Bulgarian prime minister displeased with gambling tax compromise

This story was published more than 14 years ago.

Last week's compromise tax of 12% on all Bulgarian gambling turnover may have suited members of parliament, but it has not gone down well with prime minister Boyko Borisov, who wanted to balance the budget with a 15% tax.

Borisov's plan was to use the tax revenues generated by a 15% rate to avoid tax increases on hard liquor and maintain assistance to young Bulgarians trying to purchase a first home.

The Novinite news agency reports that after discussions with the parliamentary Speaker, Tsetska Tsacheva, Borisov announced that he had asked his GERB party and parliament for the 15% rate.
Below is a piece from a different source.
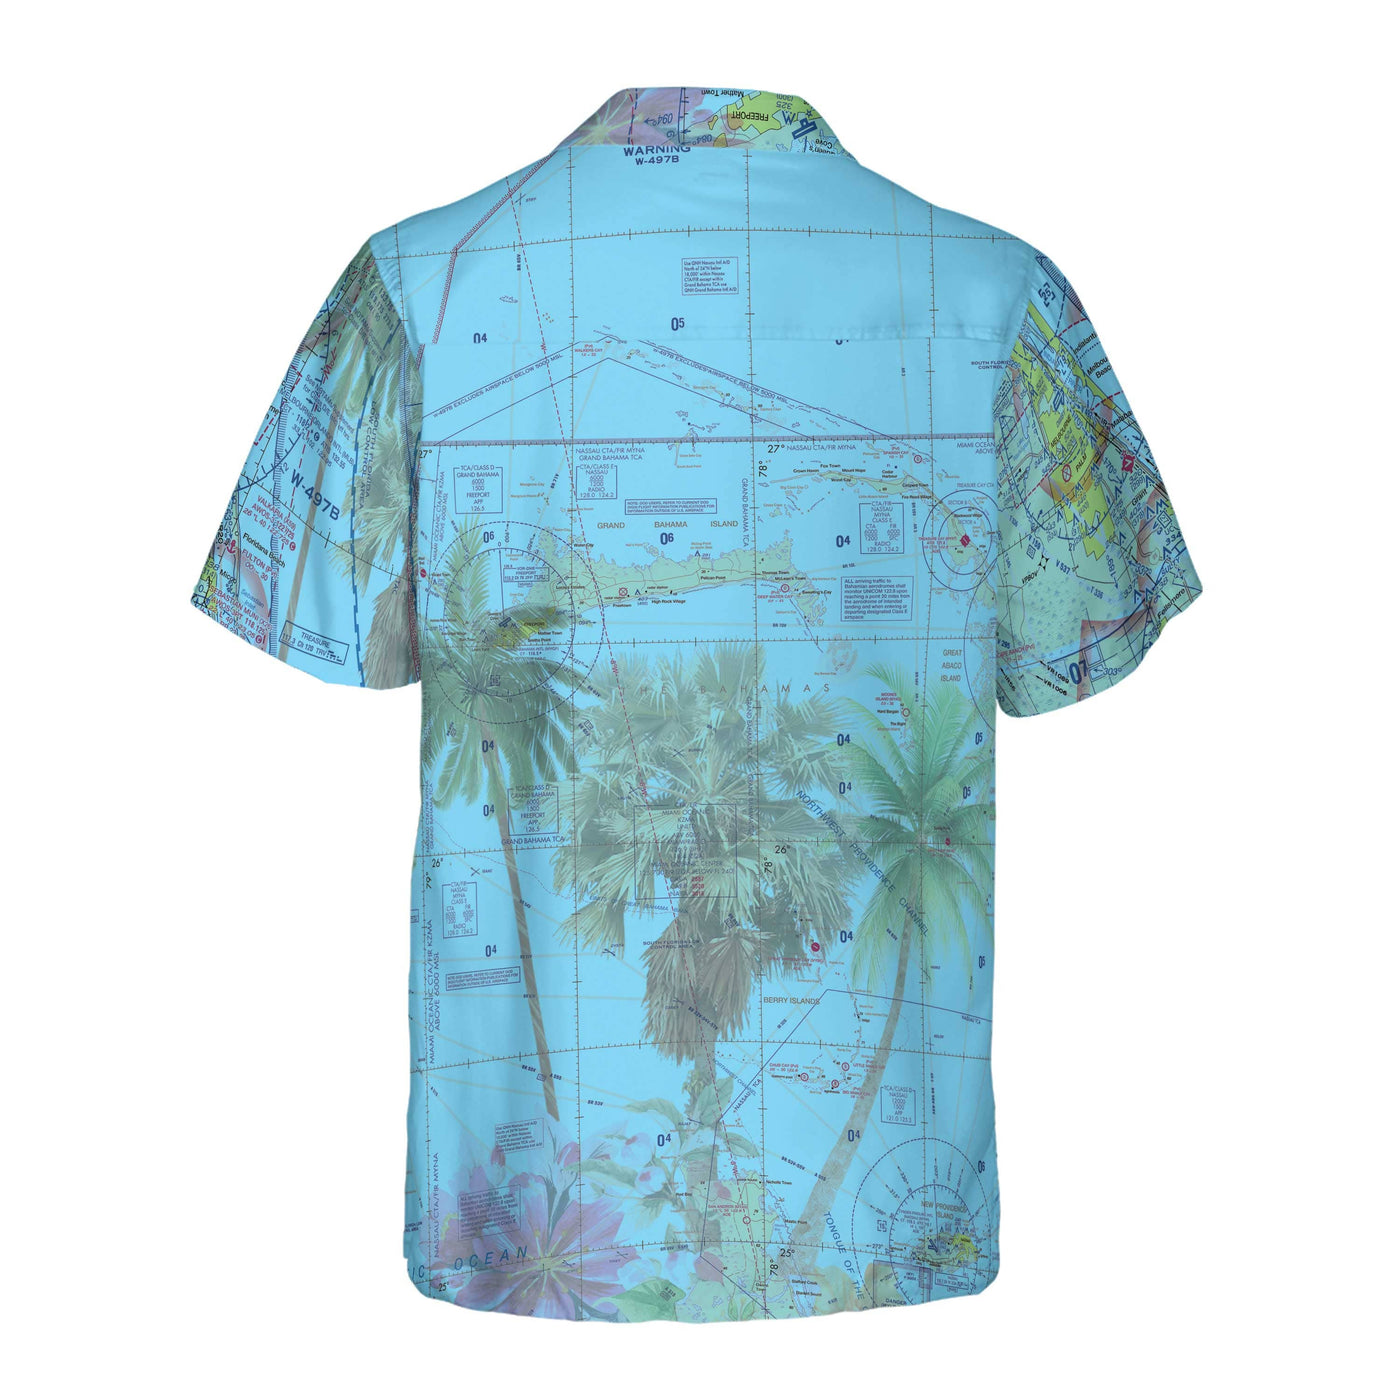 AOP Coconut Button Shirt The Florida to Bahamas Blue Sky with Palms Coconut Button Camp Shirt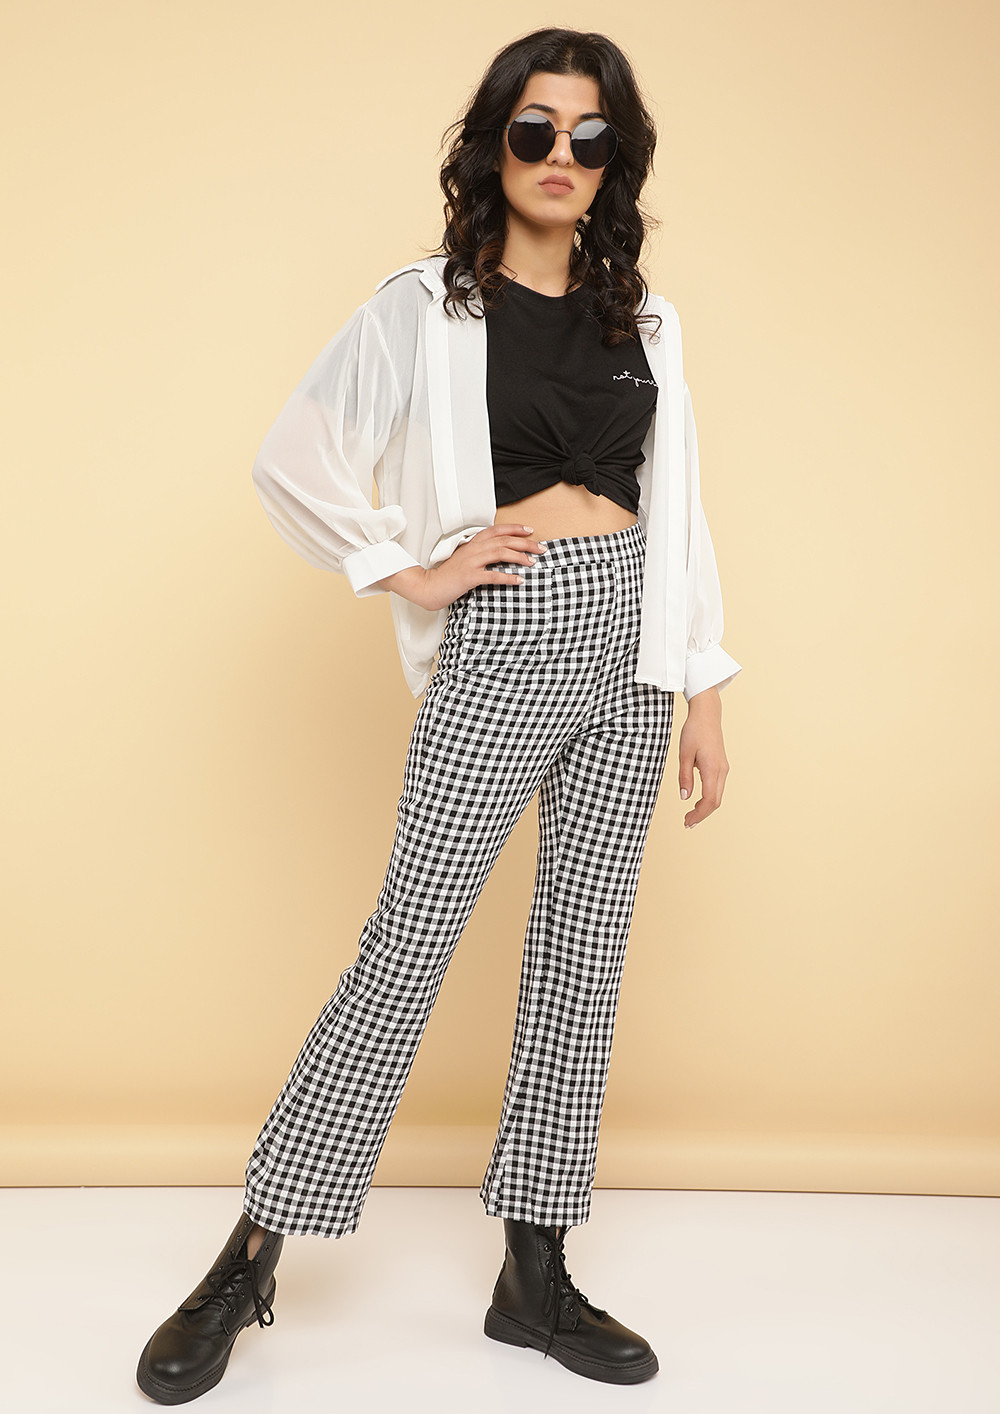 Trousers  Pants for womens Black  White Check

However, parliamentarians had already approved amendments eliminating the first home proposal.

Characterising the amendments as a mistake, the prime minister vowed to reverse these decisions.

The prime minister told local media that he required the 15% gambling tax to balance the budget and allow him to meet commitments to Bulgarian grape growers not to increase the hard liquor tax.

The Bulgarian parliament voted at first reading on November 4, 2009 in favor of an increase in the tax rate on gambling activities from 10% to 12% as part of amendments to the Corporate Income Tax Act. The amendments are expected to come into force in January 2010, harmonising all Bulgarian gambling tax rates.

The Bulgarian Association for Entertainment and Gambling Games has protested the 12% rate, saying it will cause the collapse of the gambling industry with the loss of 40,000 jobs.